AI & GDPR: When is training data anonymous?

AI training is not possible without data. The data required for training and validation is often personal, so the GDPR must be observed - or maybe not? This compact online event will look at the technical and legal aspects. In particular, the question of which data is personal at all and whether and, if so, how it can be anonymized will be examined. This applies to health-related data as well as industrial data.

Anonymization does not mean GDPR

If the data is anonymous, many things are easier. This is because the GDPR does not apply. If, on the other hand, the data is personal, a justification for the data processing must be found, which often consists of consent. AI training in compliance with consent is also possible - but only if various requirements are met. Among other things, it must also be possible to withdraw consent.

Legal consequences of prematurely assuming anonymization

If supposedly anonymous data that is subject to the GDPR is processed, the GDPR still applies. However, the resulting breach may mean that all data, including the trained neural network and the trained AI, must be deleted - even long after the training.

It should be noted that the legal concept of anonymity is dynamic.
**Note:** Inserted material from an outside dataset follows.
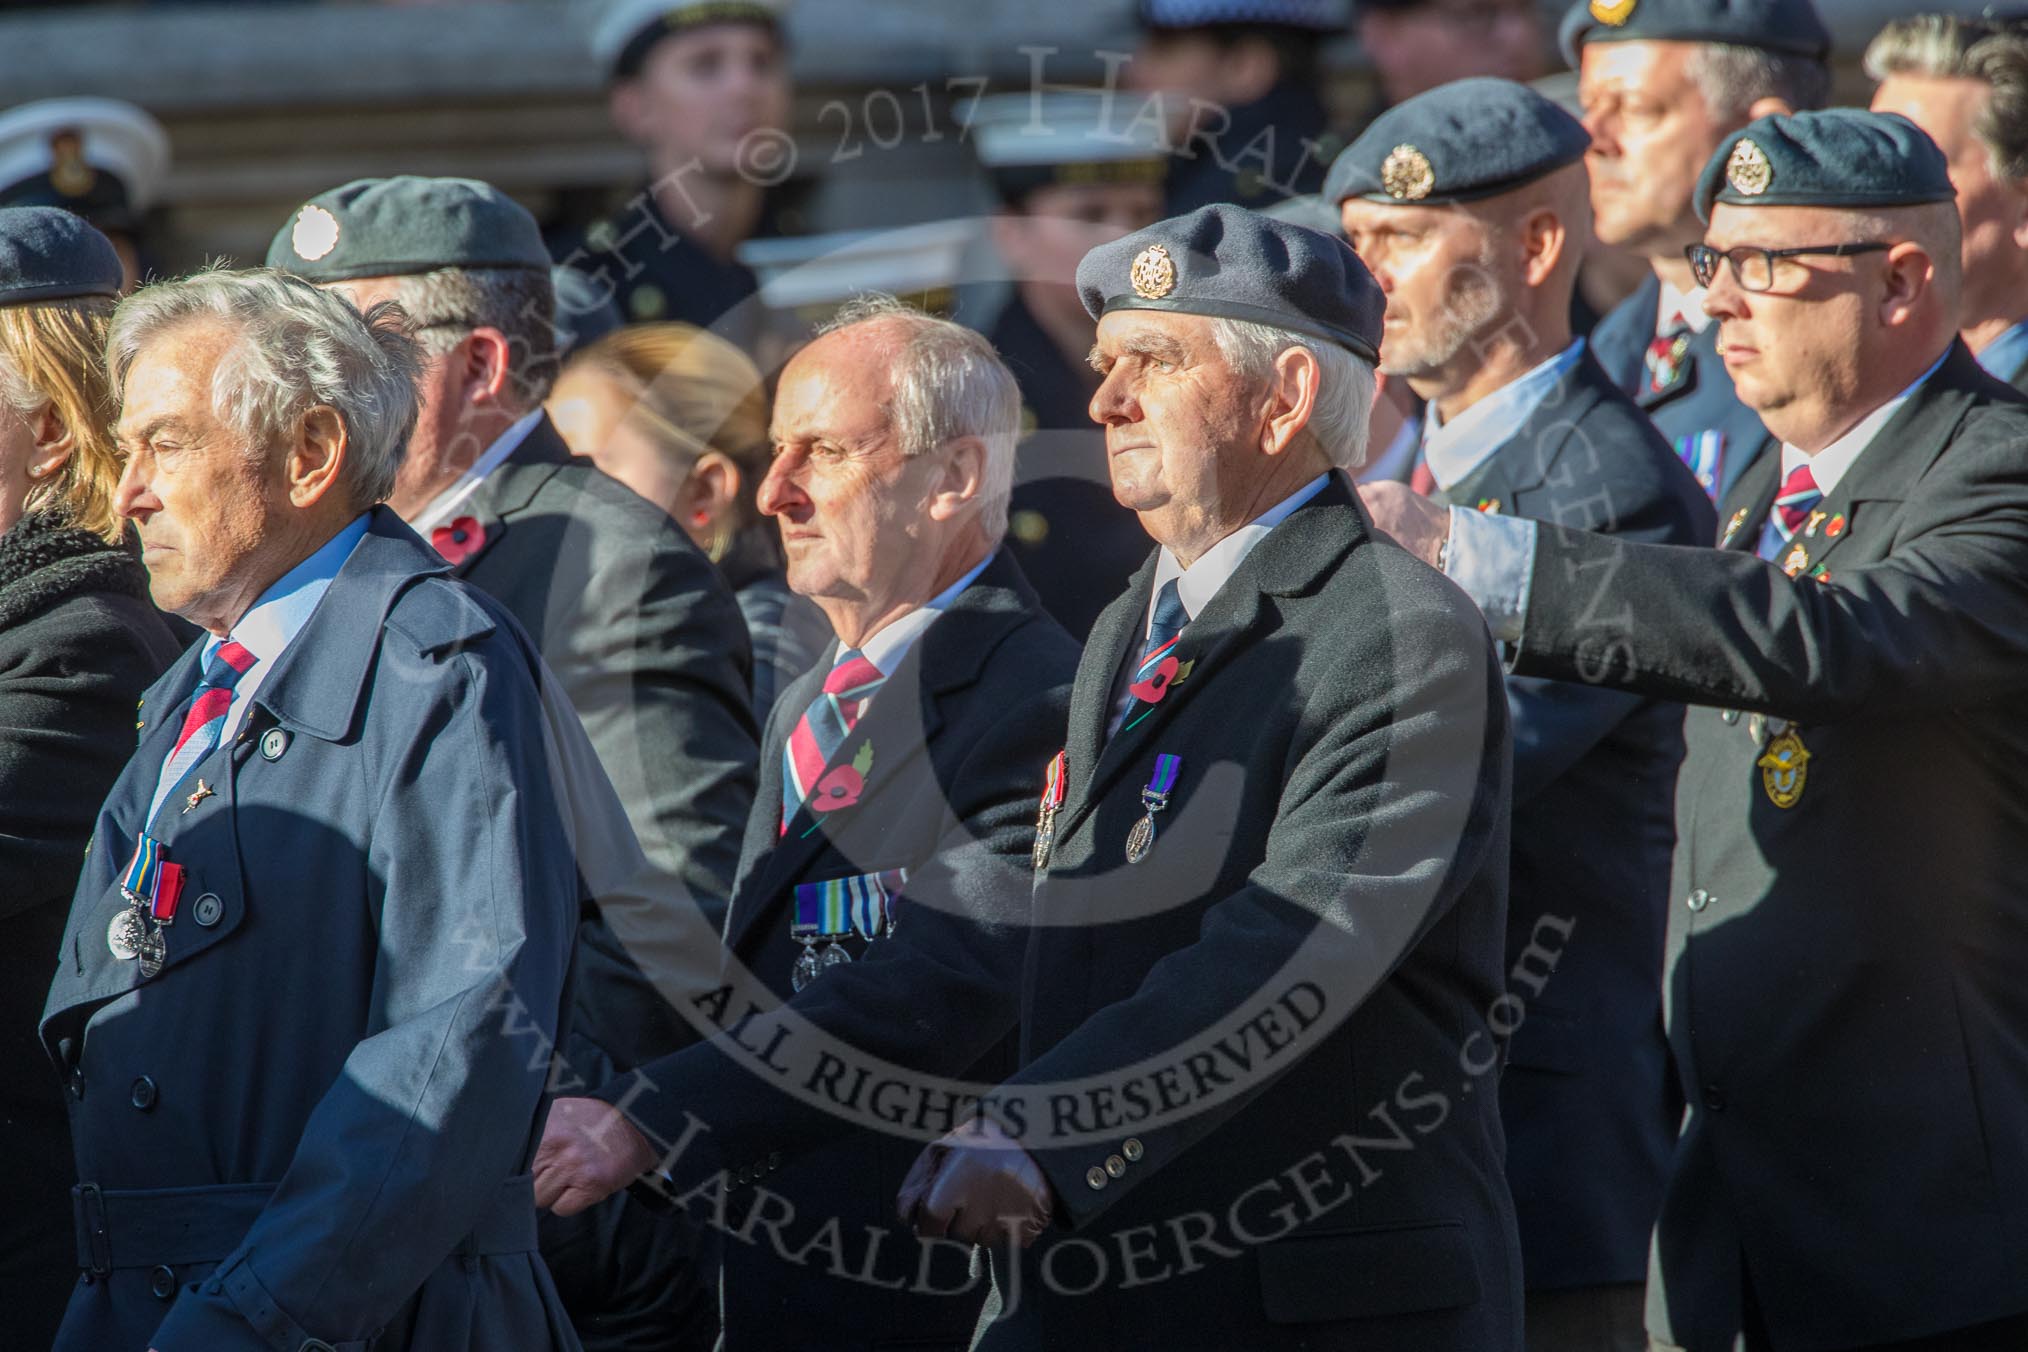 during the Royal British Legion March Past on Remembrance Sunday at the Cenotaph, Whitehall, Westminster, London, Royal Air Forces Association (Group C1, 155 members) during the Royal British Legion March Past on Remembrance Sunday at the Cenotaph, Whitehall, Westminster, London, 11 November 2018, 12:14.

This means that data may be considered anonymous today, but the same data may be considered personal data next year. This can be the case, for example, if "re-identification" is suddenly no longer quite so unrealistic due to new events, e.g. new legal claims for information, new technical possibilities or the publication of metadata.

Exemplary scenarios

Blood count data from 100,000 people is processed to train a medical AI. The AI provider only has the blood count data without any metadata, i.e. without information on the donor, origin of the data, etc. Is the data anonymous for the AI provider - or does it have to comply with the GDPR?

A company collects data on the heart rate of drivers in order to identify "hot spots" in road traffic. The company says that it does not know the names of the drivers and that no one can be identified by their heart rate alone. Is this data anonymous - or does it have to comply with the GDPR?

The provider of a smart home solution collects data on the temperature in its customers' homes. The smart home provider wants to store this data in a data pool and offer it to third parties for AI training. Is the temperature data anonymous - or does it have to comply with the GDPR?

A call center wants to optimize its internal processes using AI by recording the telephone number and duration of calls. However, to achieve anonymization, the call center deletes the last three digits of the phone number and rounds the call time up or down. Is this sufficient for anonymization?

An excerpt from the topics

In the event, Prof. Dr. Christian Thies will present the technical processes and the inclusion of data in the training of an AI. Dr. Gerrit Hötzel will explain which data is personal and which is anonymous and Mr. Marius Adler will present the current status of the EU Commission's draft AI regulation. Afterwards - and also during the presentations - there will be an opportunity to ask questions:

  • Technical process of AI training

    • Modeling of medical information

    • Collection and management of clinical data

    • Training and validation in AI

    • Development and evaluation of AI-based medical applications

  • Data protection

    • Which data is personal?

    • When is anonymization achieved?

    • Methods of anonymization

    • Legal consequences of AI training with personal data

    • Withdrawal of consent before, during and after AI training

  • EU AI Regulation

    • Rough overview of the draft

    • Current status of the AI Regulation

    • Special regulations on data processing for the purpose of AI training?

  • Afterwards: opportunity for questions

Date & costs

The event will take place on Tuesday, 22.03.2022 (16:30 - 18:30). Participation in the event is free of charge. Please register as soon as possible.

Online event

The event will take place as an online event this year. The technical details for participation will be announced shortly.

Speaker

Prof. Dr. rer. medic. Christian Thies
Medical Information Systems Faculty of Computer Science
Reutlingen University of Applied Sciences

Prof. Dr. Christian Thies has been involved in the development of digital applications in the healthcare sector for almost 30 years. He is currently working with clinical partners to implement and evaluate pilot projects for the digital support of medical care. Previously, as a developer, project manager, development manager and product manager, he has developed and operated methods in a wide variety of application areas. This includes AI-based biomedical image analysis, medical device development, integration of medical information systems and decentralized patient monitoring. Application reality, benefit analysis, data protection and security form a consistent basis for his practice-oriented work.